Kaum shufi memandang ajaran Islam
dari dua aspek, yaitu aspek lahiriah (seremonial) dan aspek bathiniyah
(spiritual), yang disebut juga sebagai aspek dalam, dan aspek luar. Aspek dalam
inilah yang merupakan pendalaman dan pengalaman yang paling utama dengan tidak
mengabaikan aspek luarnya yang dimotivasikan untuk membersihkan jiwa jadi
tanggapan perenungannya lebih mengutamakan rasa dan renjana (rindu, cinta kasih, rasa hati yang
kuat), lebih mementingkan pengagungan Tuhan dan bebas dari egoisme.

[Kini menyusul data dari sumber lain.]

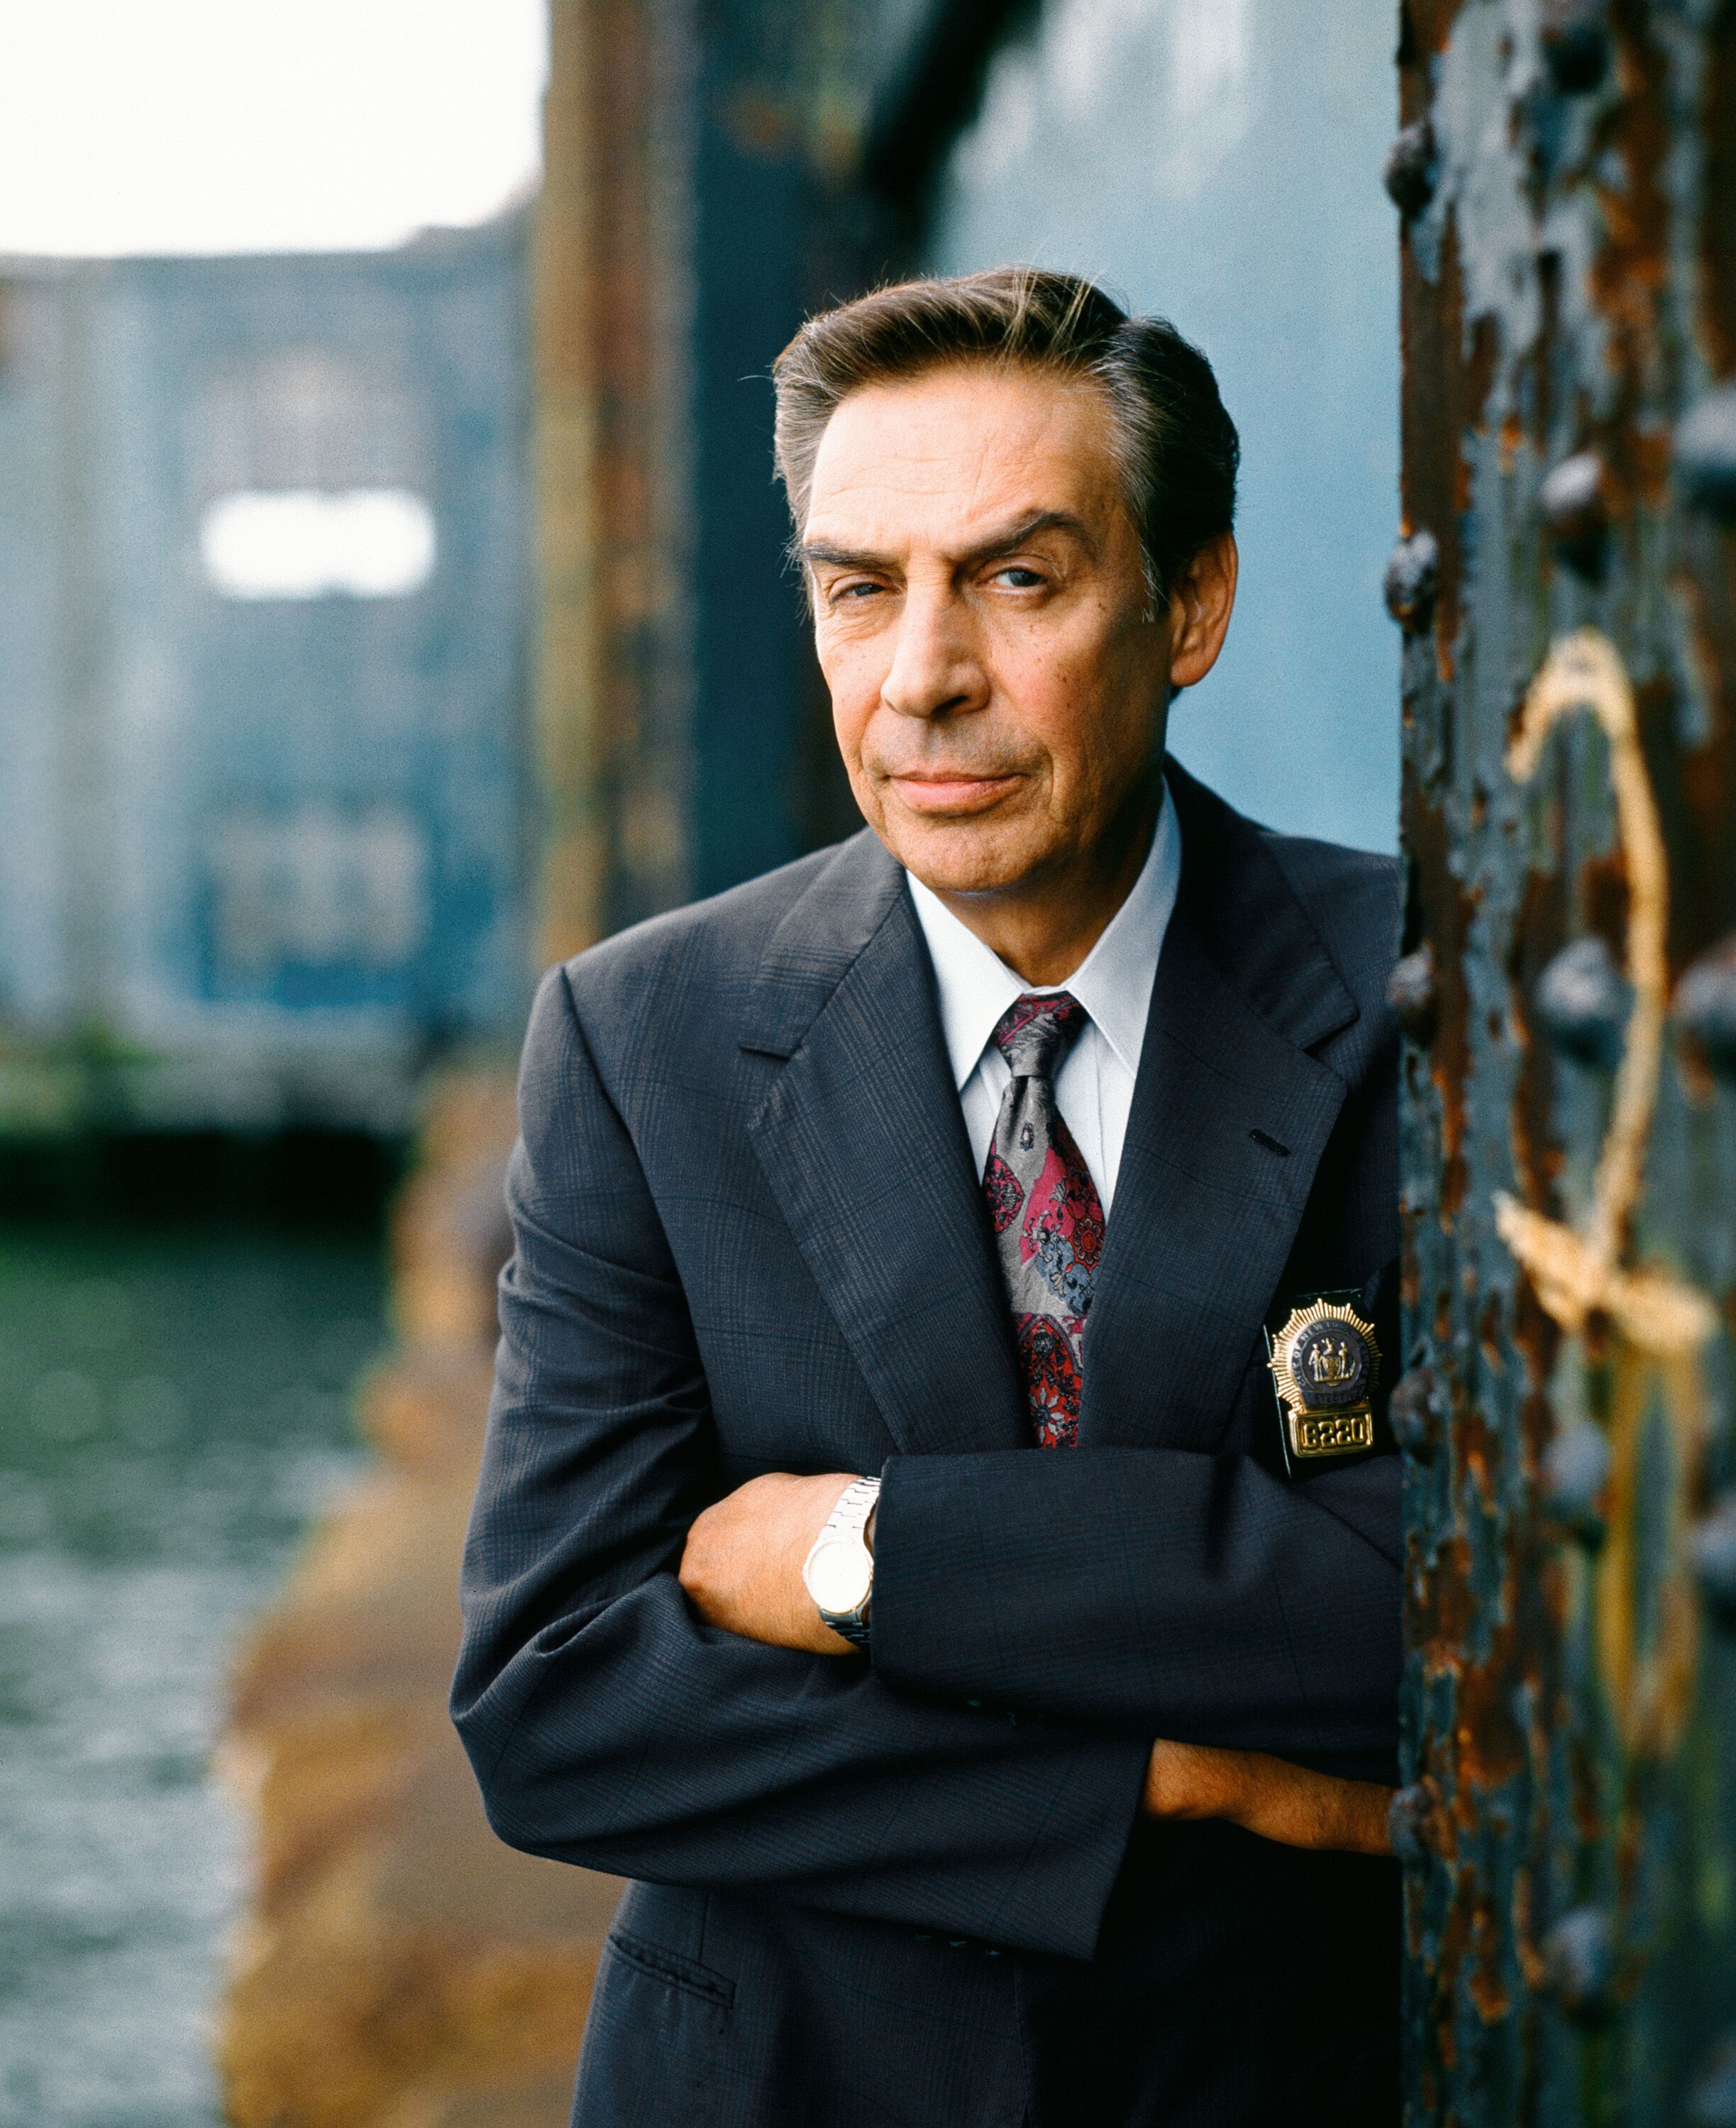 LAW & ORDER -- Season 7 -- Pictured: Jerry Orbach as Detective Lennie Briscoe | Photo: Getty Images

Untuk merehabilisir sikap mental
yang tidak baik, menurut orang shufi tidak akan berhasil baik apabila terapinya
hanya dari aspek lahiriyah saja. Itulah sebabnya pada tahap-tahap awal memsuki
kehidupan shufi, seorang murid diharuskan melakukan amalan dan latihan
kerohanian yang cukup berat.
Sistem pembinaan akhlaknya disusun sebagai berikut.
-
Takhally, langkah membersihkan diri, misalnya dengan taubat,
hati dengan ikhlash dan jiwa dengan murasabah.
-
Tahally, langkah menghiasi diri dengan takwa, hati dengan
sidiq, dan jiwa dengan musyahadah.
-
Tahally, langkah memantapkan, memperdalam, memelihara diri
dengan istiqamah, hati dengan tuma’ninah, dan jiwa dengan ma’rifat.